The feminist organization turned into a space where we, the three leaders, would host discussions to delve into what we decided were compelling feminist topics. With all of us having the same majority white and cis friends, our attendance reflected that demographic—and so did the people who applied to be on the club’s board.
I’m a senior now and after having done a lot of self-growth, I’ve understood what troubled me so much about the club as the years went on. Obviously, one reason was that it was majority white and cis and it wasn’t what I needed to come into my own identity.
But another was that I was really confused about why other people of color (POC) and trans people weren’t showing up like I was. . . .

You can read the rest of that, if you’re a connoisseur of insane gibberish, but among the things Ayesha is “really confused about,” maybe the shortage of “people of color” attending her feminist collective isn’t at the top of the list. My hunch is that most of the “POC” paying $66,720 a year to attend Bates College probably have better things to do with their spare time than hang out for discussions of “compelling feminist topics.”

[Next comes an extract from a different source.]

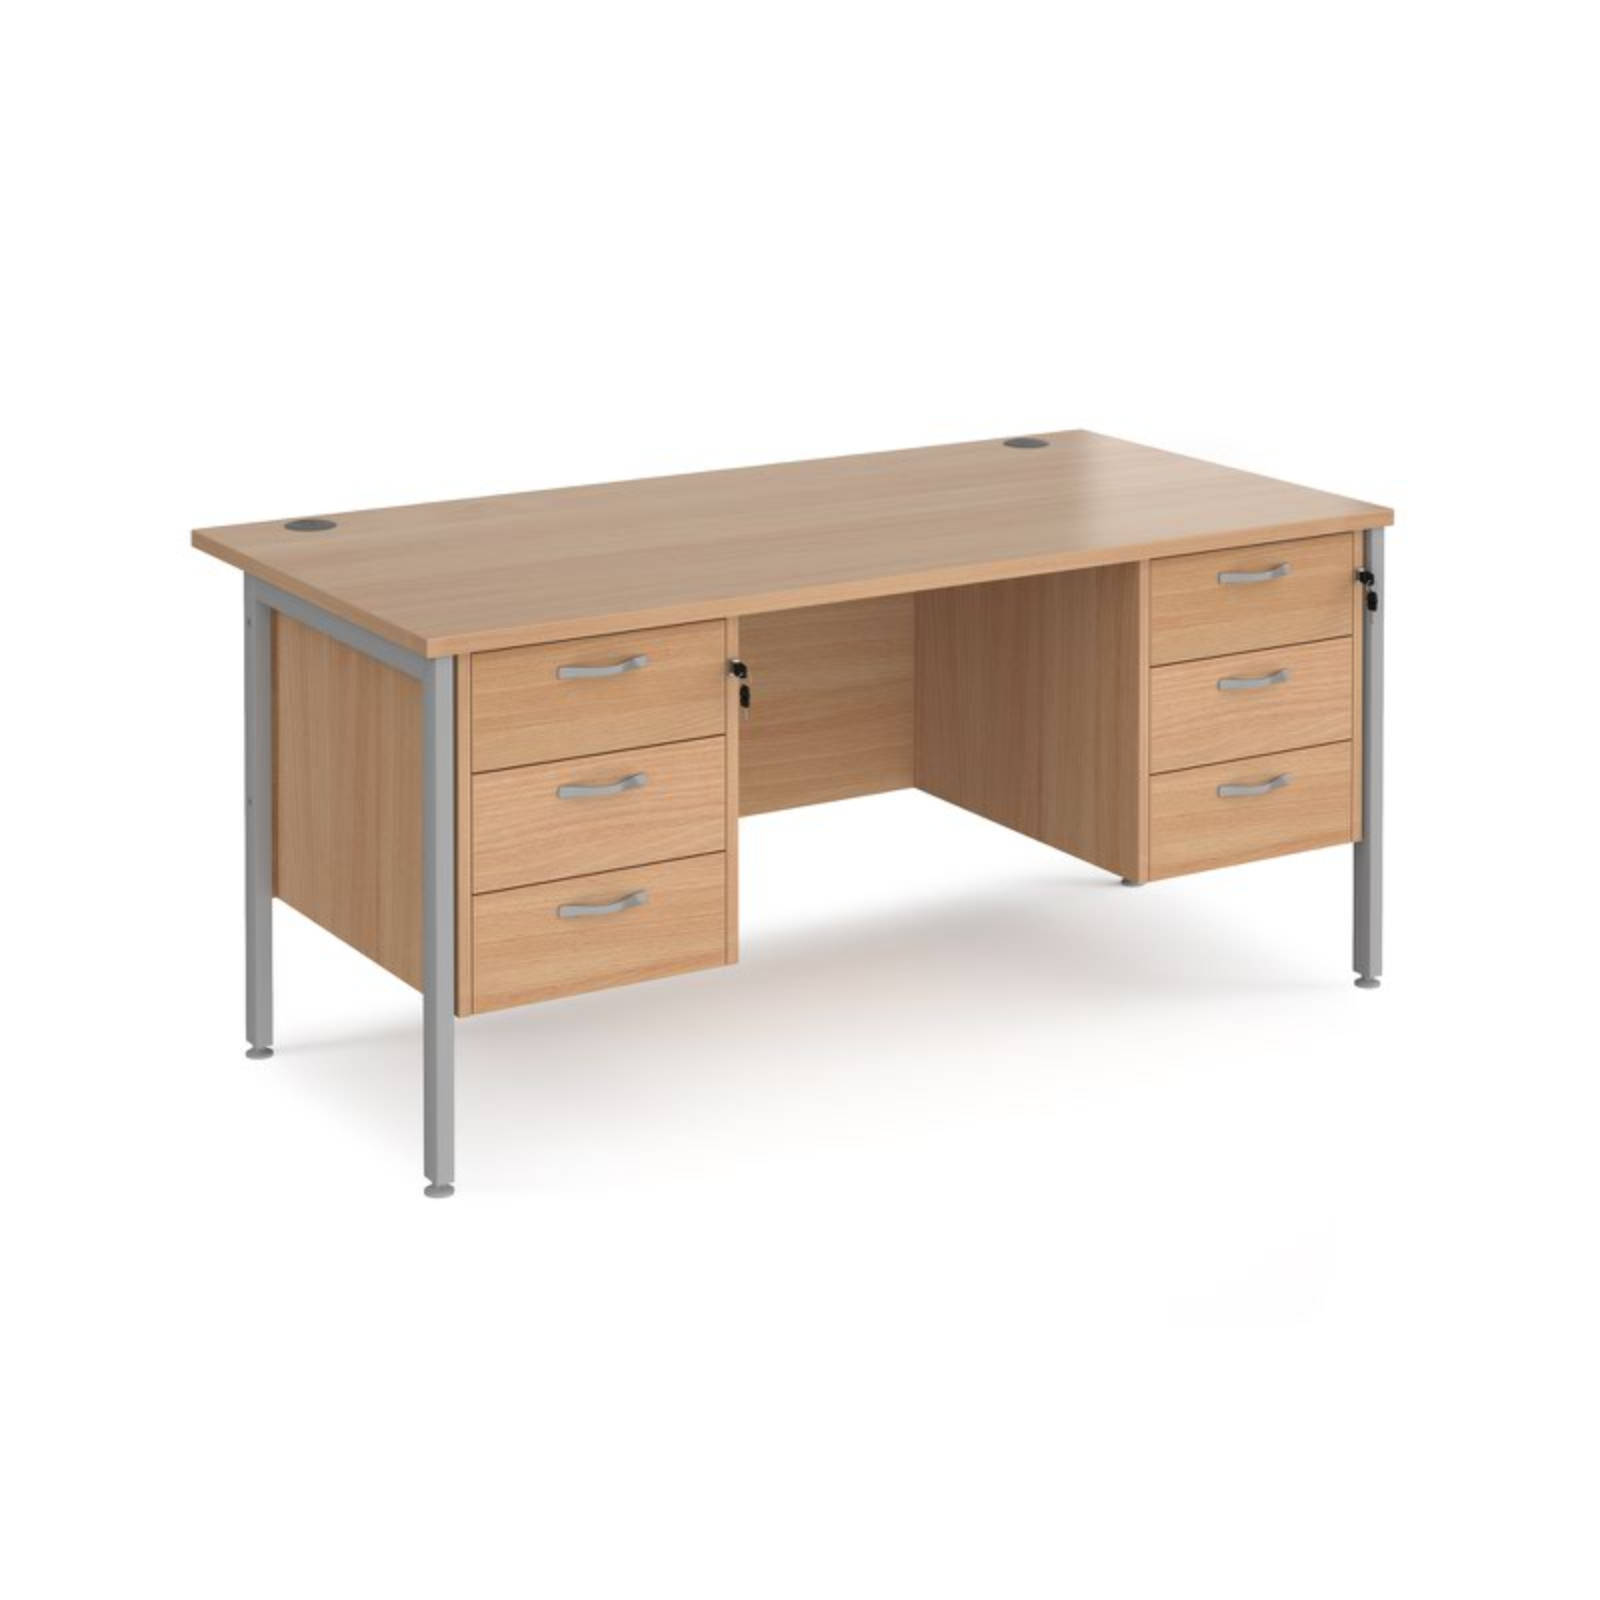 Maestro 25 SL Straight Desk With 3 And Drawer Pedestals 1600mm

By the way, what’s up with Ayesha Sharma and “y’all“? As a native Southerner, can I object to her cultural appropriation of my dialect? Bates College is in Maine, and was founded by abolitionists, so where does a senior at Bates get the idea she can use “y’all”? But there’s no point complaining, especially when this Third Wave craziness — which we may call “Toxic Intersectionality Syndrome” — is helping to drive every sane person in America out of the Democrat Party.

 

Oh, yes! If you vote Republican, it’s because your “whiteness” is “toxic,” according to Everyday Feminism, and they want to teach you how to eradicate the “deeply normalized white supremacy” of American society, which “is built on a foundation of systemic oppression.”

You can buy a lot of “systemic oppression” for $66,720 a year, honey.